Start of Provided data

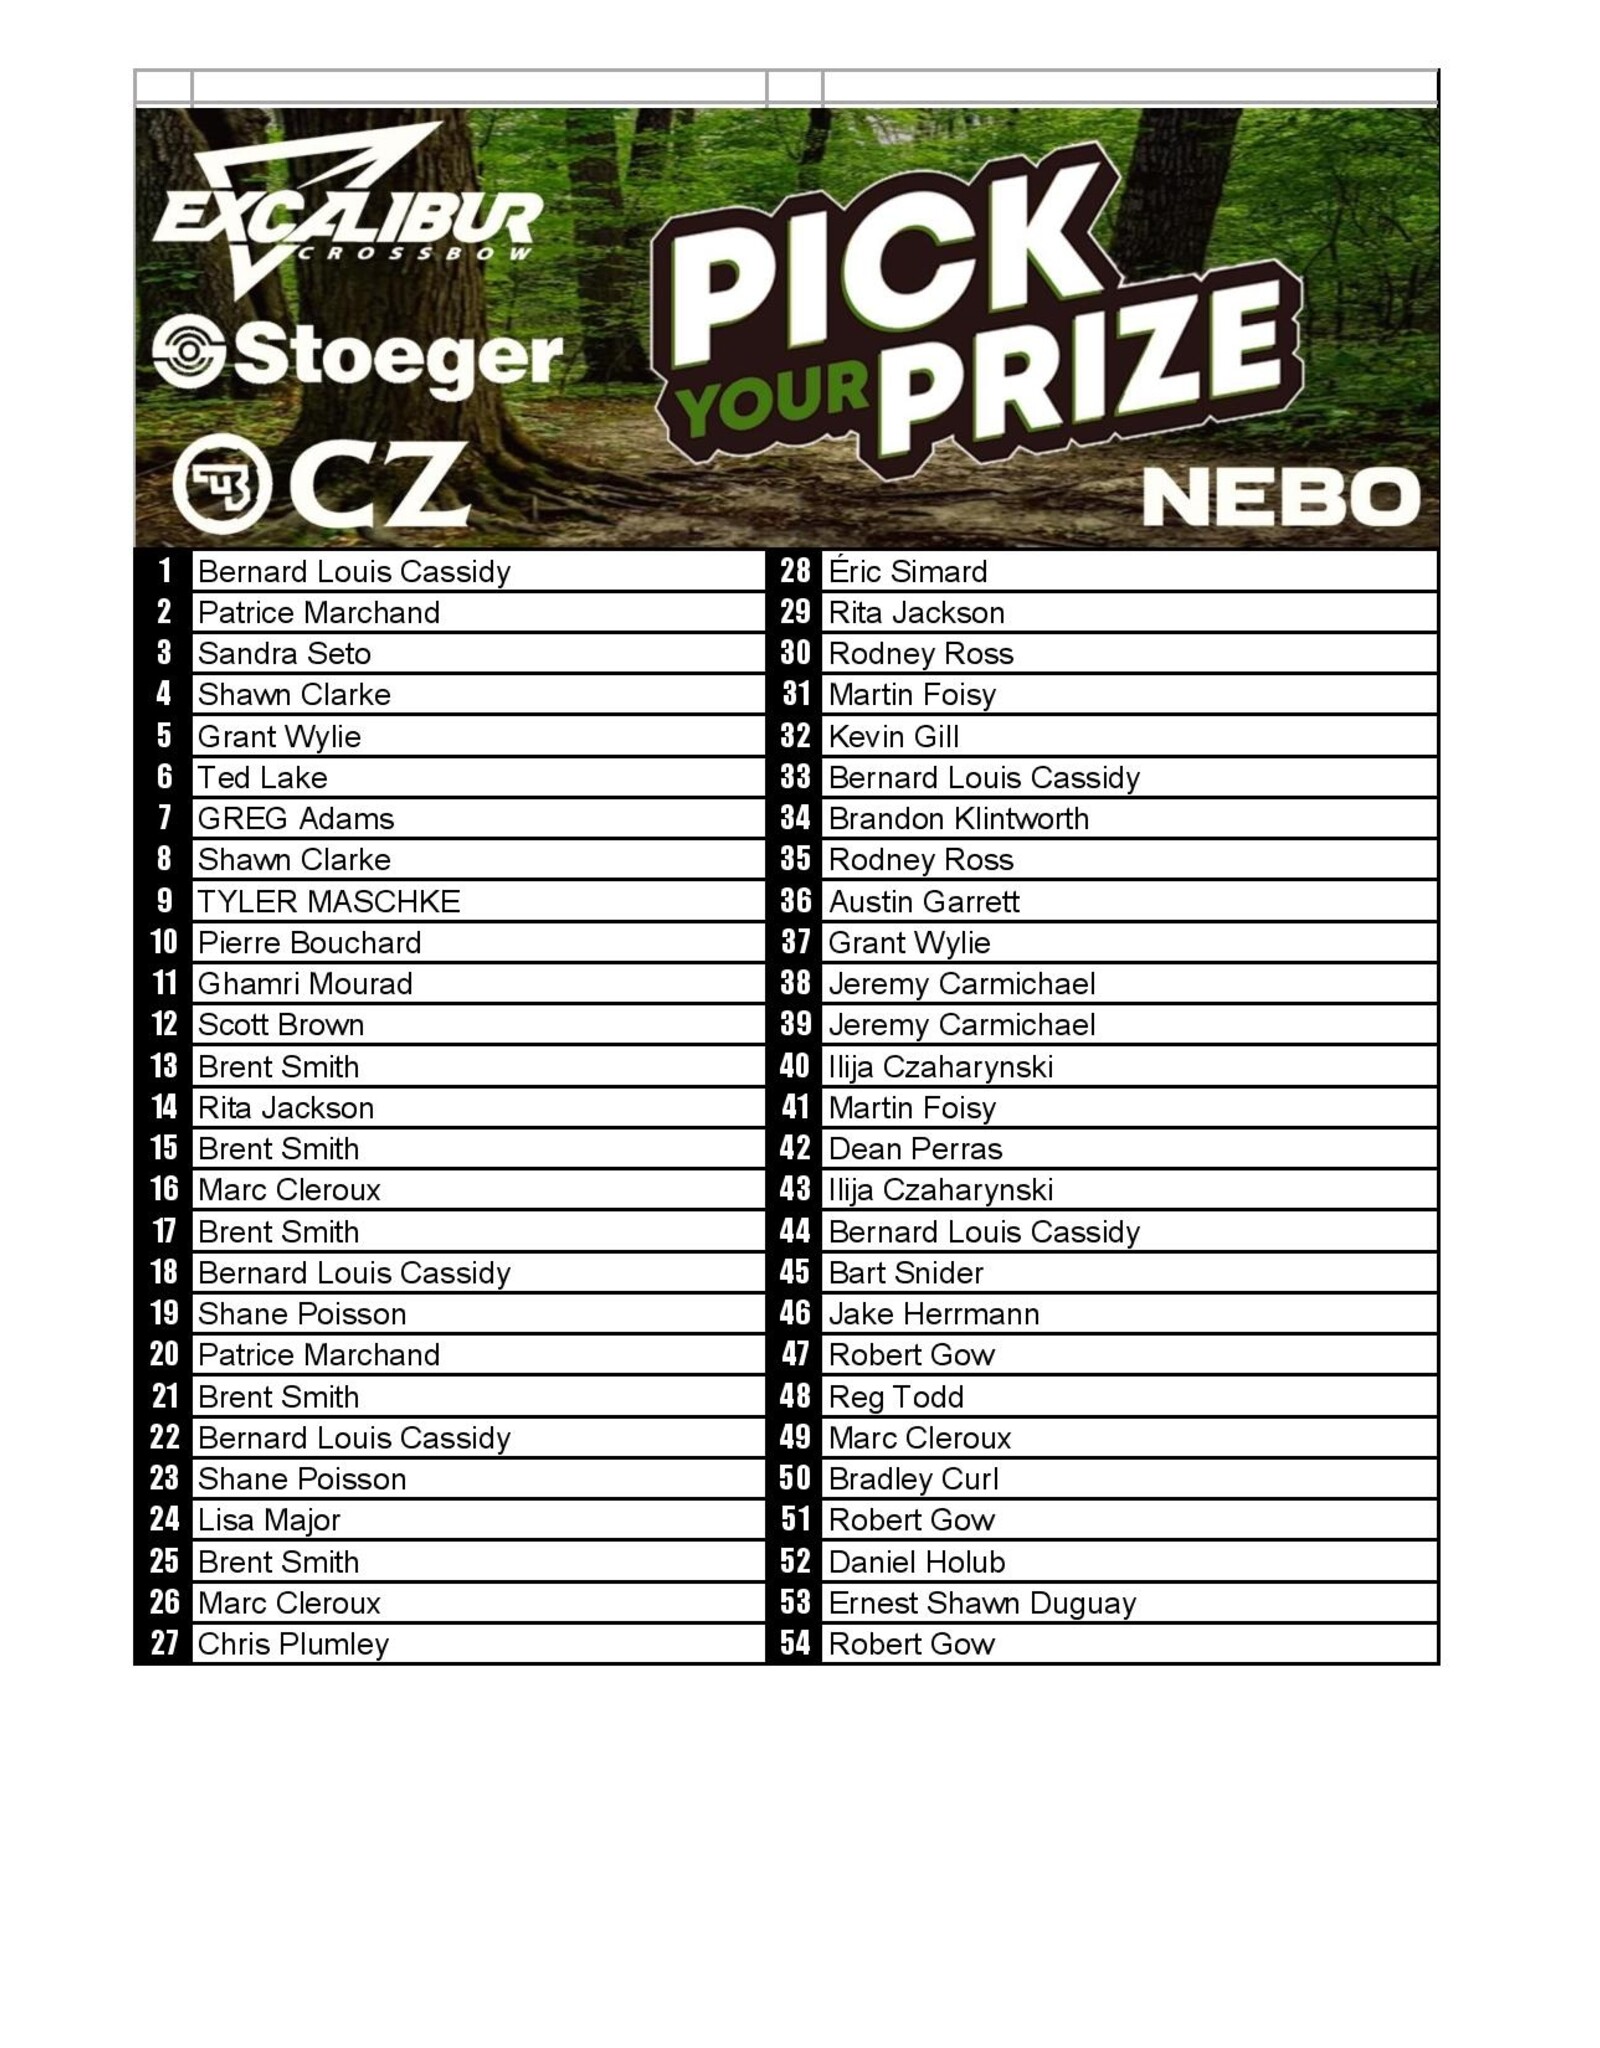 Draw #1214 - Pick Your Prize! Excalibur, Stoeger OR CZ457 w/ Nebo Work Light!
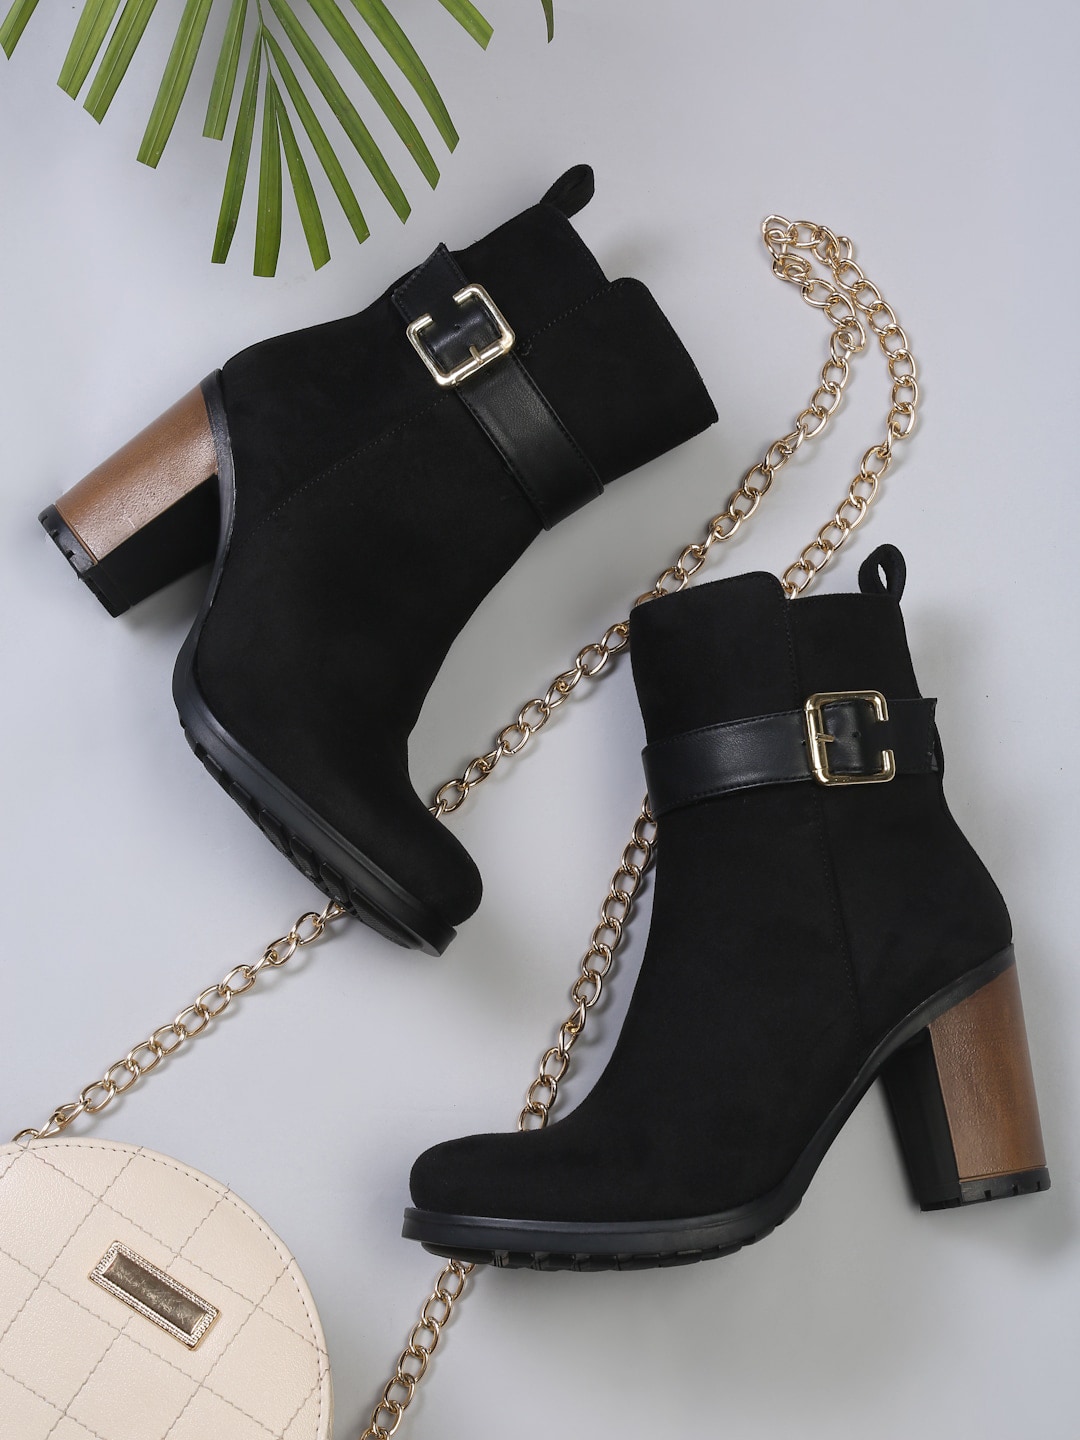 Roadster Black Suede Block Heeled Boots with Buckles Price in India
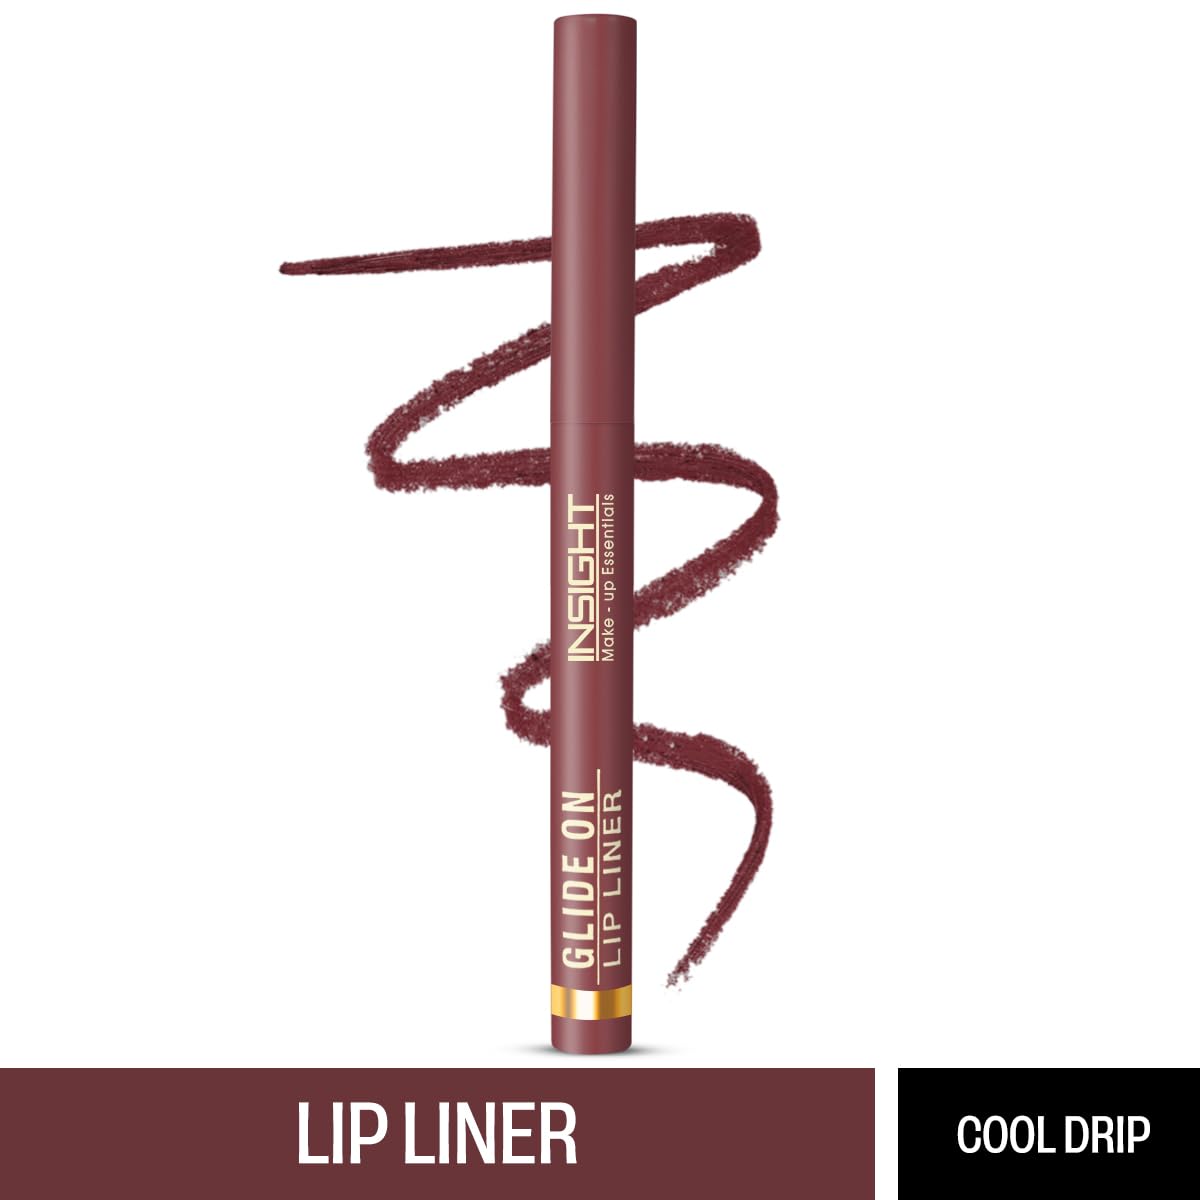 Insight Cosmetics Glide On Lip Liner | One Swipe Smooth Application | Long Lasting Lip Pencil,0.3 gm,18
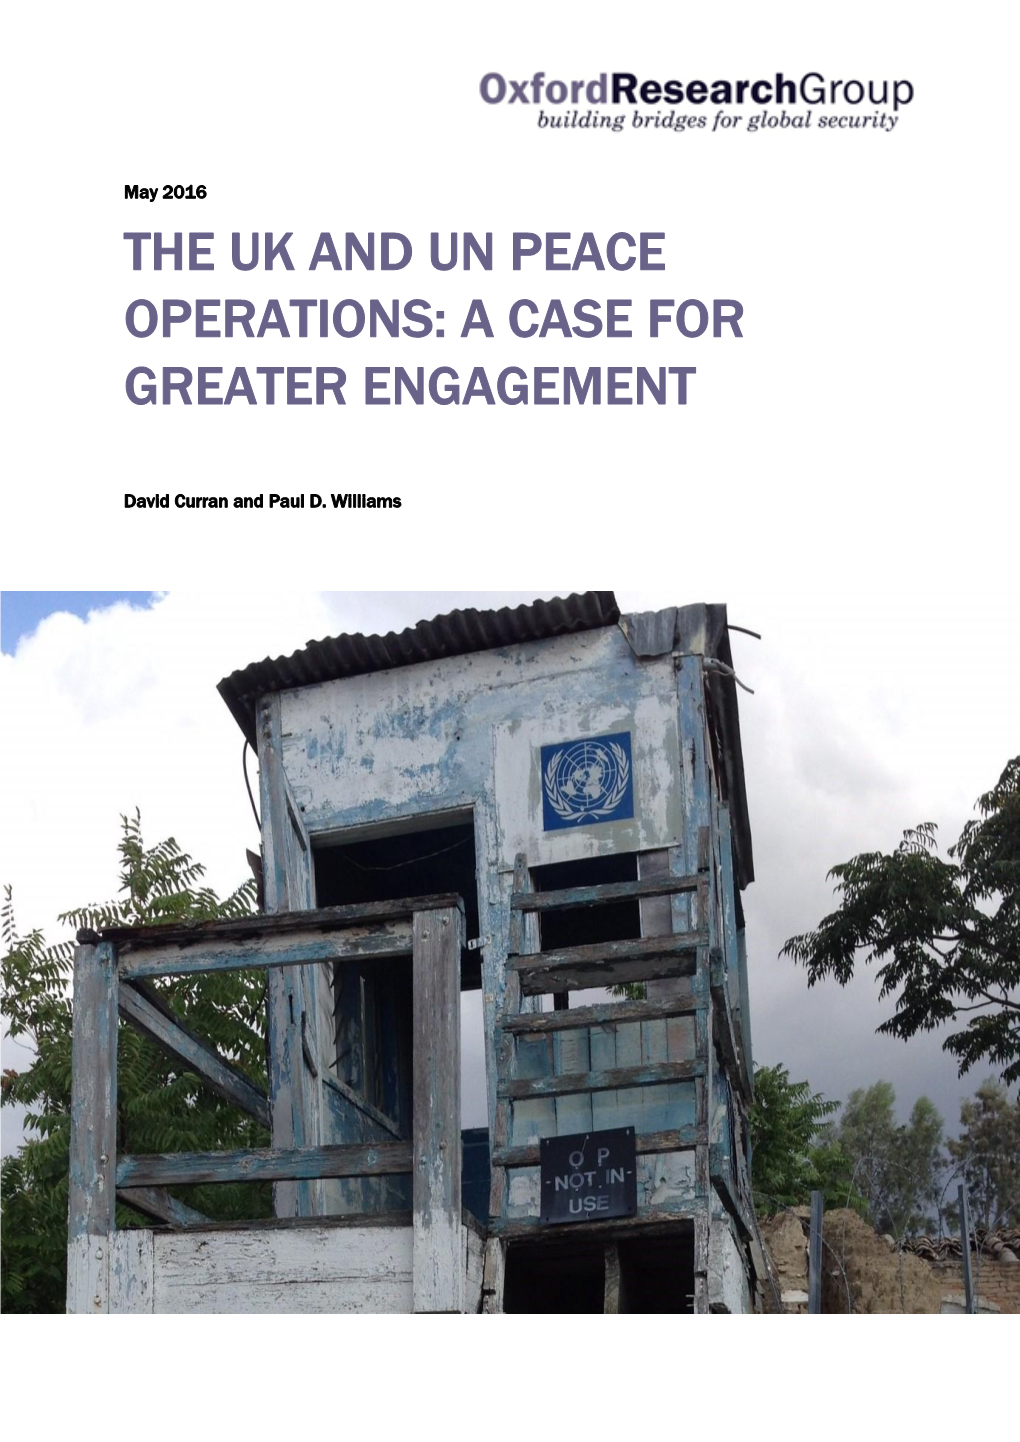 The Uk and Un Peace Operations: a Case for Greater Engagement

End of Provided data

### Problem statement
Retype the data above exactly. Do not carry over any images.

### Response area
 Draw #1214 - Pick Your Prize! Excalibur, Stoeger OR CZ457 w/ Nebo Work Light!
 Roadster Black Suede Block Heeled Boots with Buckles Price in India
 Insight Cosmetics Glide On Lip Liner | One Swipe Smooth Application | Long Lasting Lip Pencil,0.3 gm,18
 The Uk and Un Peace Operations: a Case for Greater Engagement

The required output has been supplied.